Suppose I've got a people as well as their Gps navigation coordinates:

User1, 52.99, -41.0
User2, 91.44, -21.4
User3, 5.12, 24.5
...

My objective is: Given some coordinates,

  1. In the individuals customers, discover the ones within 20 meters. (how you can perform a Choose statement such as this?)
  2. For every of individuals customers, obtain the distance.

While you most likely suspected, these coordinates is going to be retrieved from the cell phone. The phones will update their longitude/latitude every ten seconds, in addition to have that listing of customers <20 meters. It's dynamic.

I'd like the easiest method to do that to ensure that it may scale.

  • Can you keep coordinates inside a database, increase it every 10 seconds? (Should you store it inside a database...how does one calculate it...)
  • How does one do that therefore it can scale?

Incidentally, there's already an equation that may calculate the length between 2 coordinates http://www.johndcook.com/python_longitude_latitude.html. I simply need to know what's the easiest method to do that technically (Trees, Database? What architecture? More particularly...how does one match the lengthy/lat distance formula in to the "Choose" statement?)

  1. Produce a MyISAM table having a column of datatype Point

  2. Produce a SPATIAL index about this column

  3. Convert the GPS coords into UTM (power grid) coords and store them inside your table

  4. Problem this question:

    SELECT  user_id, GLength(LineString(user_point, @mypoint))
    FROM    users
    WHERE   MBRWithin(user_point, LineString(Point(X(@mypoint) - 20, Y(@mypoint - 20)), Point(X(@mypoint) + 20, Y(@mypoint + 20))
            AND GLength(LineString(user_point, @mypoint)) <= 20
    

Observe that this question will most most likely be operate on very volatile data and you will have to perform the additional inspections promptly.

Since MySQL cannot mix SPATIAL indexes, it will likely be easier to apply certain type of surface tiling technology:

  1. Split our planet surface into numerous tiles, say, 1 x 1 " (it comes down to 30 meters from the meridian and 30 * COS(lon) from the parallel.

  2. Keep data within the CHAR(14) column: 7 numbers from the lat + 7 numbers around the lon (14 numbers whatsoever). Disable key compression about this column.

  3. Produce a composite index on (time, tile)

  4. Around the client, calculate all possible tiles your pals may maintain. For 20 meters distance, this is for the most part 9 tiles, unless of course you're deep at North or South. However, you might alter the tiling formula to deal with these cases.

  5. Problem this question:

    SELECT  *
    FROM    (
            SELECT  tile1
            UNION ALL
            SELECT  tile2
            UNION ALL
            …
            ) tiles
    JOIN    users u
    ON      u.tile  = tiles.tile
            AND u.time >= NOW() 
            AND GLength(LineString(user_point, @mypoint)) <= 20
    

, where tile1 etc are precalculated tiles.

SQL Server implements this formula because of its spatial indexes (instead of R-Tree that MySQL uses).

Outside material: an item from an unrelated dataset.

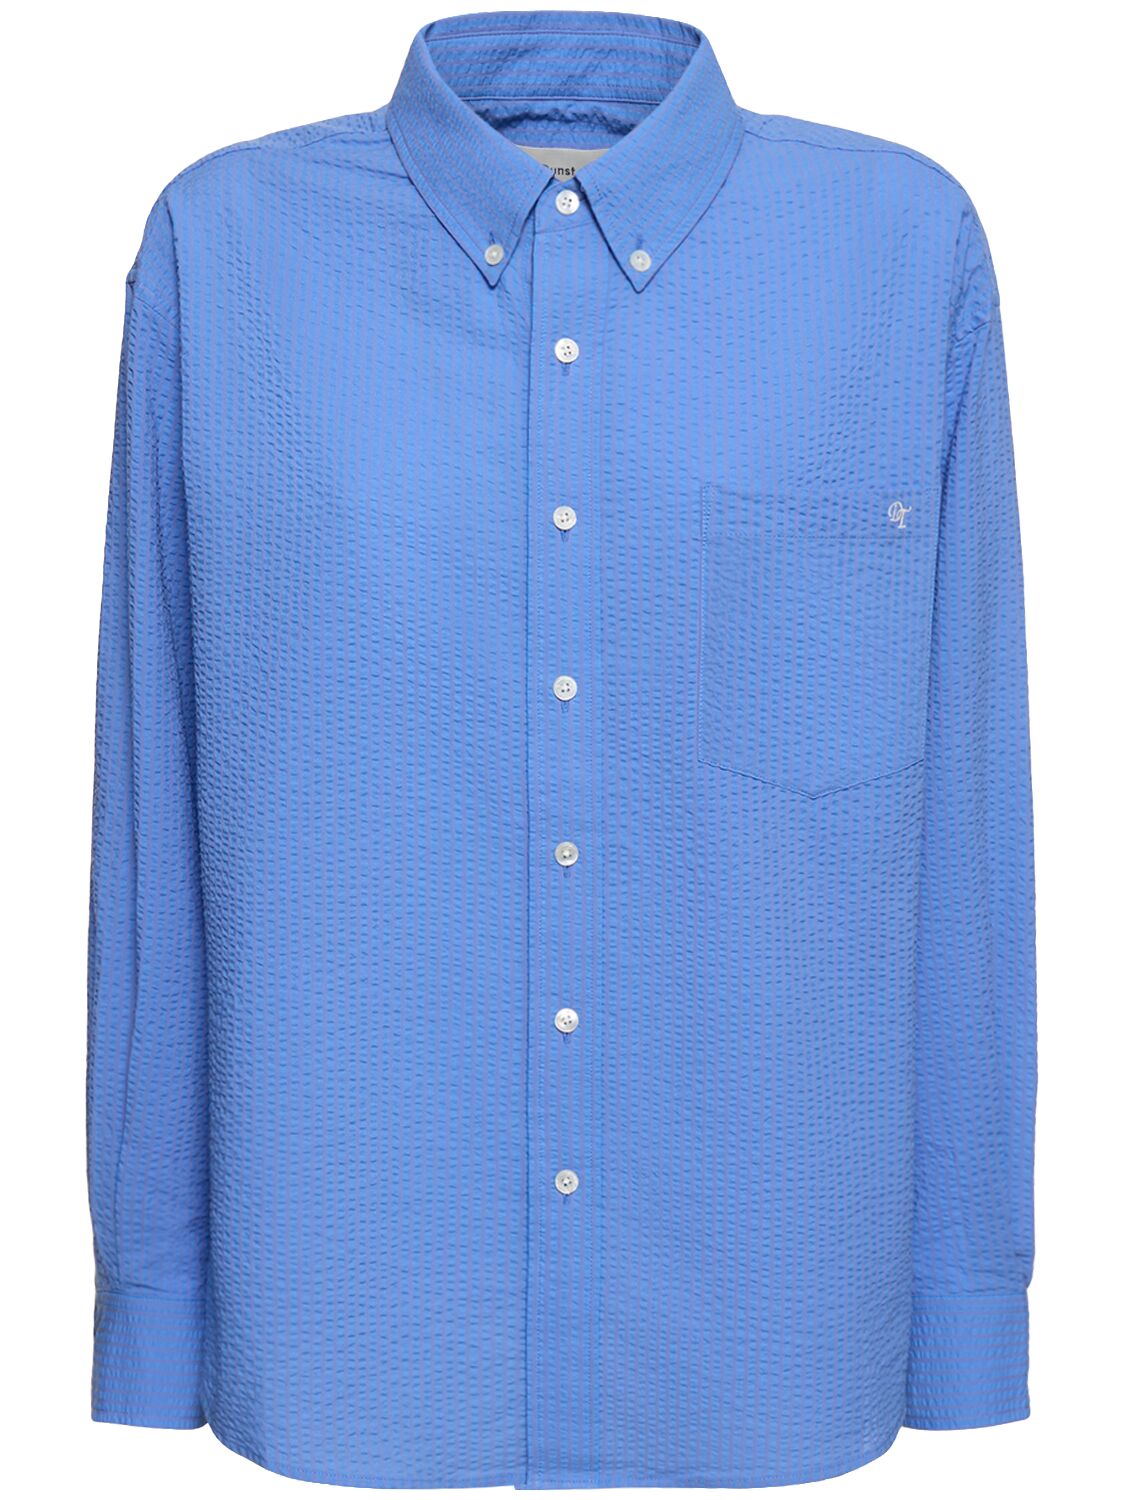 Image of Classic Cotton Seersucker Shirt

Well, the naive approach is always to do an O(n) omit every point, obtain distance in the current point, and discover the very best 20. This really is perfectly Suitable for small datasets (say <= 500 points), but on bigger sets it will likely be quite slow. In SQL, this is like:

SELECT point_id, DIST_FORMULA(x, y) as distance
FROM   points
WHERE  distance < 20

To deal with the ineffectiveness of the aforementioned method, you would need to apply certain kind of preprocessing step, probably space partitioning. That may frequently significantly improve performance in nearest neighbour kind of searches such as this. However, inside your situation, if all of the points are up-to-date every ten seconds, you would need to do an Ω(n) pass to update the positioning of every reason for the area partitioning tree. For those who have greater than a couple of queries in between each update, it will likely be helpful, otherwise it'll just be an overhead.